On his way to JFL NorthWest, comedian Bill Burr has plenty of barbs to go around

    1 of 2 2 of 2

      It’s been nearly three decades since Bill Burr started in standup. For about half that time, he’s been a superstar to comedy fans. But each year, he keeps getting bigger among the general population. And despite all his extracurricular activities—movies, TV, talk shows, podcasts, the Netflix animated series F Is for Family—it’s still standup that’s attracting those new fans.

      “It’s been a slow, almost 30-year overnight-success run for me,” he says with a laugh over the phone from Los Angeles.

      His 2019 Netflix special, Paper Tiger, was his fourth on the streaming giant, which proves his following was already big. But Burr’s on-stage brashness gives way to off-stage modesty in explaining its success.

      “I got lucky with a few things,” he says. In comedy, timing is everything, and he claims Dave Chappelle’s special, which was released the month prior to his, helped draw new followers.

      “I think that was a good thing for me,” he says. “Just all the swirling around from his special had people who weren’t even, I think, interested in specials maybe watching specials. So more people watched my last one than the previous time. I don’t know, I just do what I do and hope that people show up.”

      That they do. The JFL NorthWest festival kept adding new shows to keep up with the demand. In all, he’ll be playing four shows at two major theatres over two nights.

      If his button-pushing style lands him in trouble with the social-media outrage police, he pays it no mind. The brouhaha is short-lived “because it’s built in sand. It’s just fucking outrage over nothing. You can’t keep it in the air. You can’t keep spinning that plate.”

      Needless to say, Burr doesn’t back away from controversy; he embraces it. He has said that when he’s in L.A., he loves to poke at Hillary Clinton, and when he’s in, say, Oklahoma, he’ll take on gun culture.

      “It makes it fun,” he says. “If you just go up there and say what they want, that kind of applause is nauseating.”

      He won’t usually, though, go after the orange man who puts the peach in impeached.

      “There’s plenty of people trashing Trump; I don’t need to be another jerk,” he says. “I don’t go on-stage and try to tell people how they should vote. However, if I see some bullshit or something I should say that’s bullshit to me, I definitely will bring it up.”

      Not that this is in his act, but he brings it up in this conversation: “With different racial groups or children and stuff like that, it’s kinda hard to find a joke about that because it’s just really depressing that someone who’s a leader of a country would be that openly hostile,” he says. “Like, where there are Nazis involved and you start saying, ‘Hey, there are two sides to every story,’ it’s just, like, Jesus Christ! I don’t think there’s anything wrong with being conservative. I don’t think there’s anything wrong with being liberal. But I do think there’s something wrong with being racist. Taking kids from their parents, there’s something wrong with that.”

      Tackling Hillary or gun culture would get polite laughs north of the border, but it doesn’t punch us in the gut like it does in portions of the U.S. Asked if there are topics that would make us sit up, he lets loose.
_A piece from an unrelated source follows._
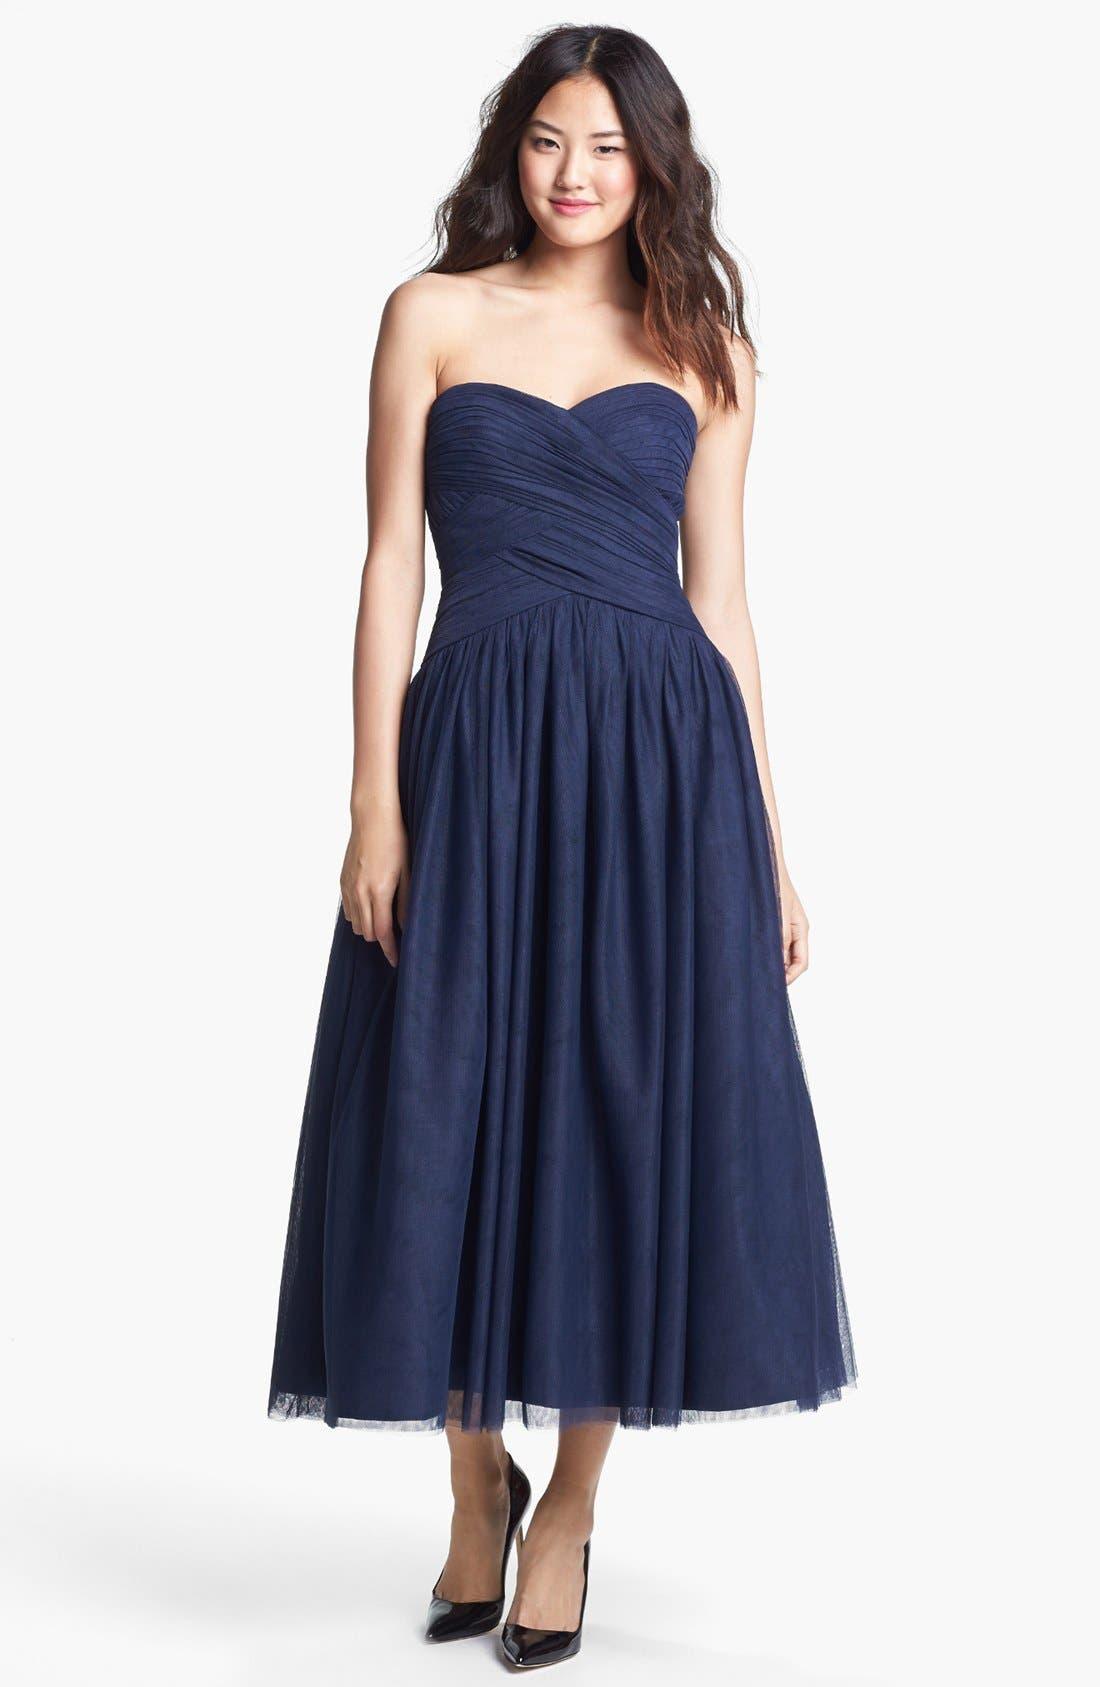 Alternate Image 1 Selected - ML Monique Lhuillier Tulle Fit & Flare Dress

      “There’s this stain of ‘America is Donald Trump’ and then you guys act like you’re these saints and you’re one of the most racist countries I’ve ever fuckin’ been to. Any guy of colour that tried to make it in the NHL, his stories of when he was in the minors, it sounds like America in the 1950s.” He laughs as he says this, but it still stings.

      “And your whole m.o. is ‘Okay, I’m sorry! I’m sorry!’ ” he says with the imitated Canadian pronunciation Americans find so funny. “Anytime your fuckin’ team loses the Stanley Cup finals, you guys have a fuckin’ riot up there. So there’s obviously something going on up there.”
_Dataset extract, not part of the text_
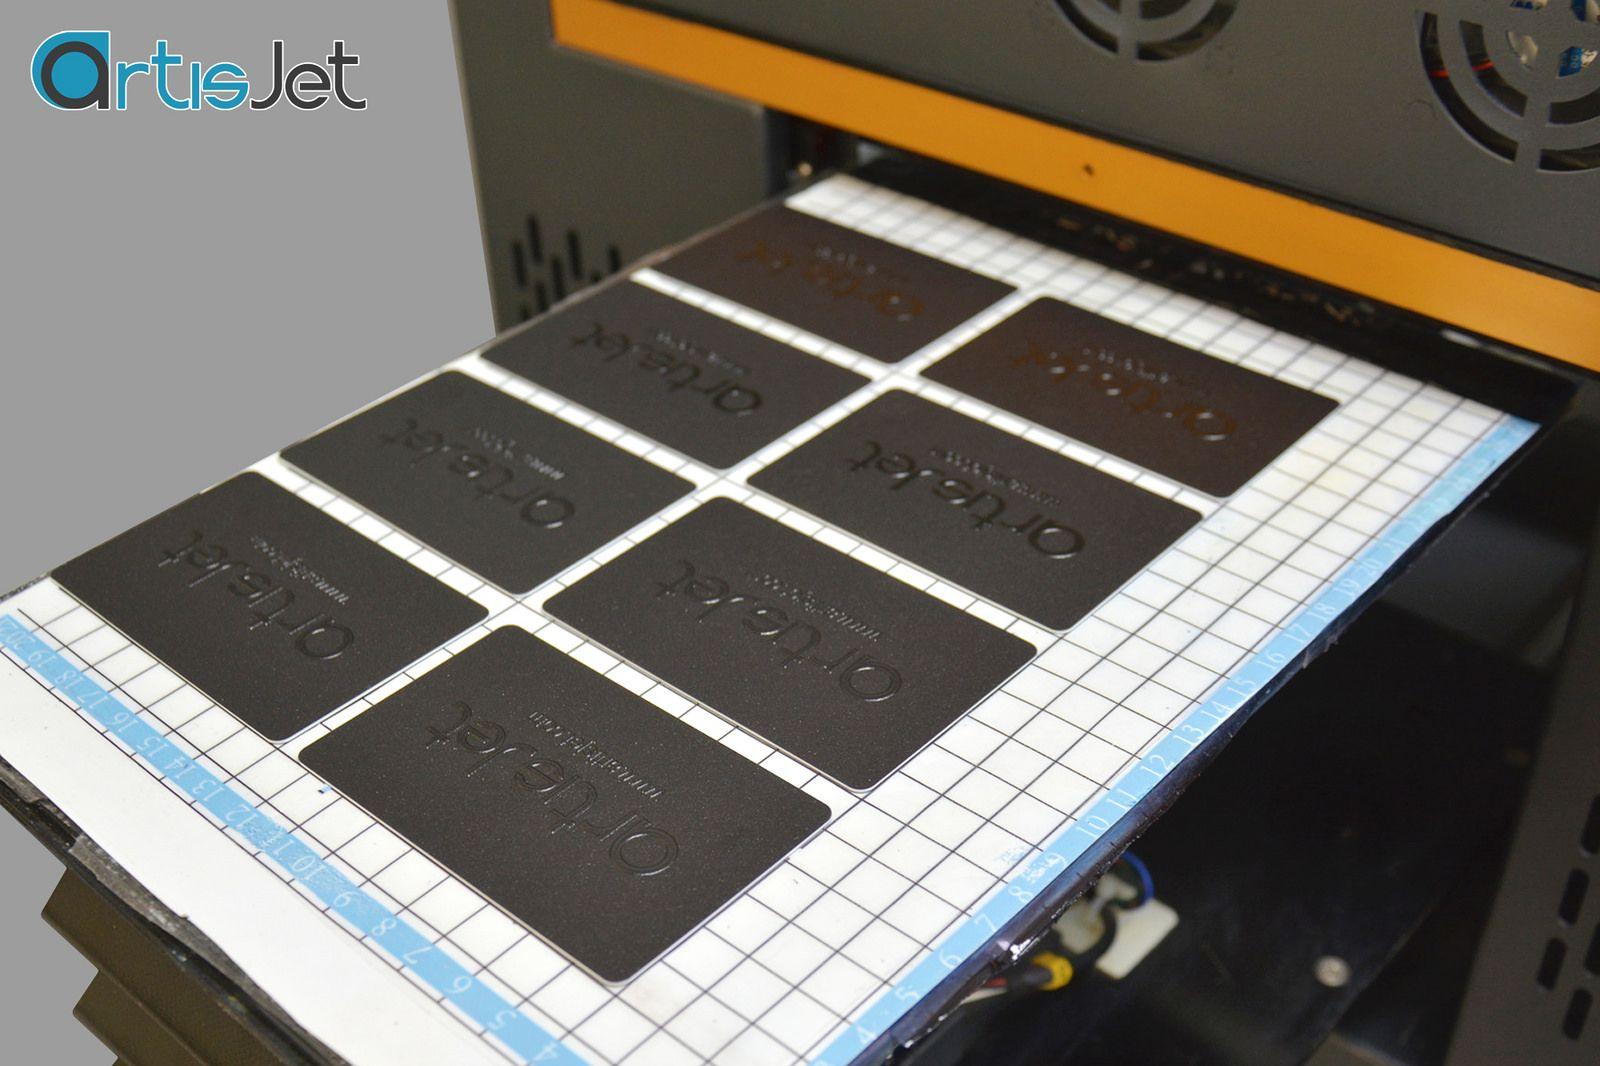 Varnish printing with artis 2100U printer | Varnishes, High class ...

      While he’ll continue with other projects, like F Is for Family or acting in Judd Apatow’s upcoming film The King of Staten Island, and growing his brand, Burr knows where his bread is buttered: on standup stages around the world.

      “That’s a good thing because that’s the easiest thing that I do,” he says. “That’s what I really am at heart, a comedian. Everything else that I do, people kinda let me do it, other than my podcast. I act when they let me do it. That’s basically it. I am not in control of that. But standup, I am.”

      Bill Burr plays two shows at the Orpheum next Thursday (February 20), and two more at the Queen Elizabeth Theatre on Friday (February 21).